Patrick D. Schloss
October 24, 2014
Complete the exercise listed below and submit it as a pull request to the
Assignment 4
repository. Your pull
request should only include a single file that is your unique name followed by a
.R
. For example, I would submit a pull request to add pschloss.R
to the
repository. You will submit your own assignment and give credit to anyone that
worked with you on the assignment and to any websites that you used along your
way. You should not use any packages beyond the base R system. This assignment
is due on Friday, October 31st.
Problem: Reading the literature is very time consuming and there's never enough time. Develop a set of functions that you can use to help you to determine the priority each should have in your stack of papers.

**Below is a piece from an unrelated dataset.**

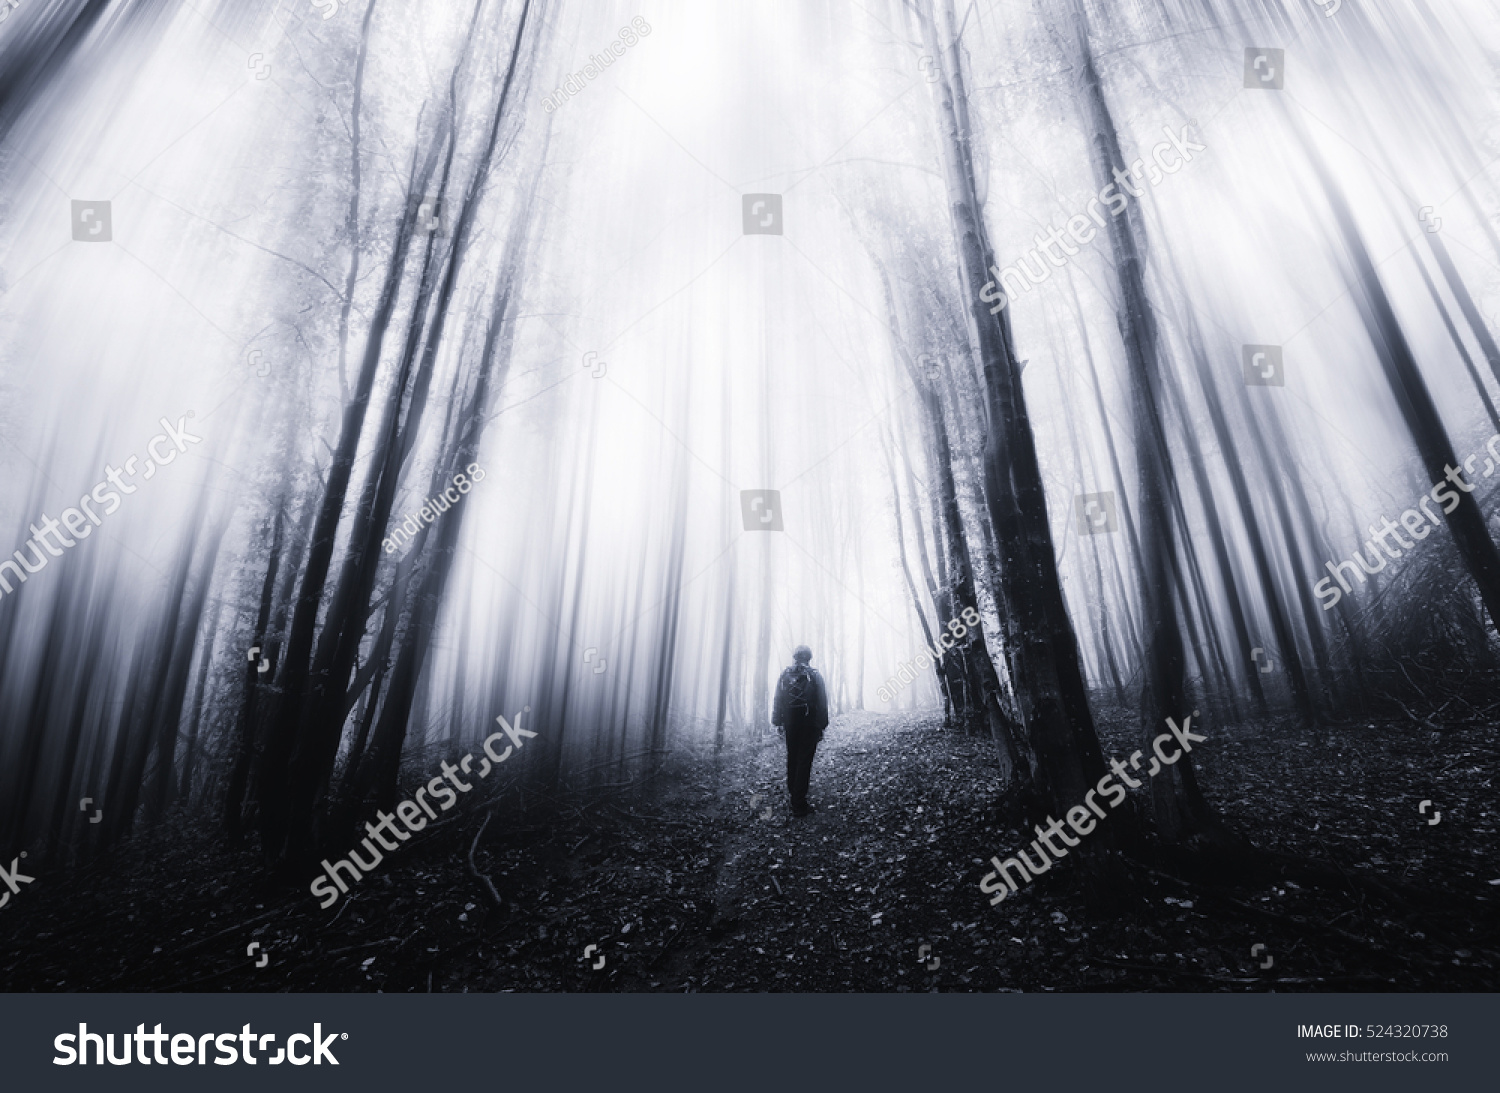 man walking in a surreal forest #524320738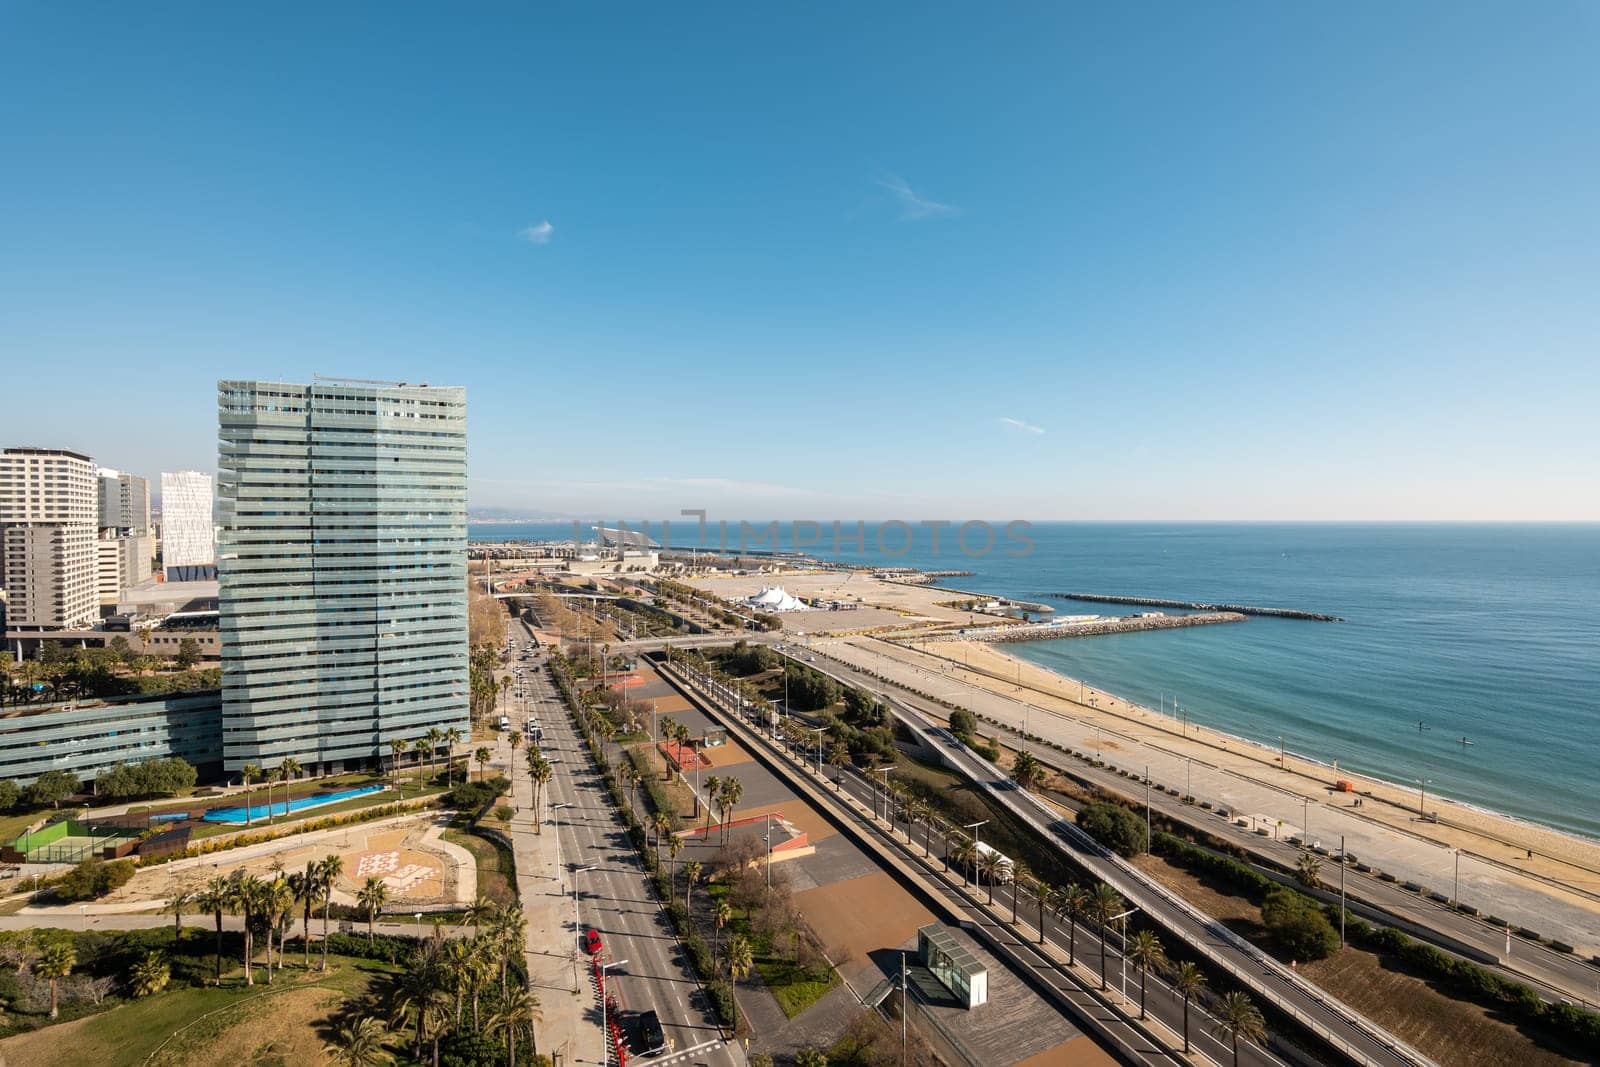 Sea waterfront in Diagonal Mar area in Barcelona with skyscrapers. Coastline area of city with highway and urban beaches. Place of dreams

To do this you will identify and count all of the words in the paper. I would like you to develop a new R library (a collection of R functions) that has several basic commands:
Command | Input | Output | Functionality |
---|---|---|---|
readPaper |
file |
a list | given a file name, create a list variable that contains any necessary information |
wordCount |
filelist , word |
vector of numbers | if I supply the output from readPaper and a word (or a vector of words), tell me how many times the word(s) shows up |
wordPlacement |
filelist , word |
vector of numbers | if I supply the output from readPaper and a word, tell me the starting character position of that word indexed from the beginning of the paper |
wordHist |
filelist , nwords=10 |
histogram output and plot | Generate a histogram of how many times the top 10 words are used, but allow me to change the default number of "top words" |
nextWord |
filelist , word |
vector of counts | if I give a word, tell me the frequency of words that follow it |
previousWord |
filelist , word |
vector of counts | if I give a word, tell me the frequency of words that preceed it |
surpriseMe |
filelist , ??? |
??? | create a function "surpriseMe" that does a task of your choosing |
This file should contain all the code necessary to process a single text file. You should know enough to complete this assignment with the material covered in class and from the first four chapaters of the book. One command that you will need for your read command is "scan". I should be able to run these command on another text file without touching the code in your R file. The first line of code should be:
rm(list=ls())
In addition, the R file should contain a commented block of text at the top of each function telling anyone how to run each commands. Also, the code should be well commented so that it is clear what each step does. I will test your code by running the following commands:
source("XXXXXXXX.R")
paper <- readPaper("mothur.txt") #I may use a different file
wordCount(paper, "mothur") #I may use a different word
wordPlacement(paper, "mothur") #I may use a different word
wordHist(paper)
wordHist(paper, top=20)
nextWord(paper, "mothur") #I may use a different word
previousWord(paper, "mothur") #I may use a different word
surpriseMe(paper, ...)
Note: You may find it necessary to create extra functions that perform a task that is needed by multiple commands. This is fine - such utility functions do not need to be "seen" by the users.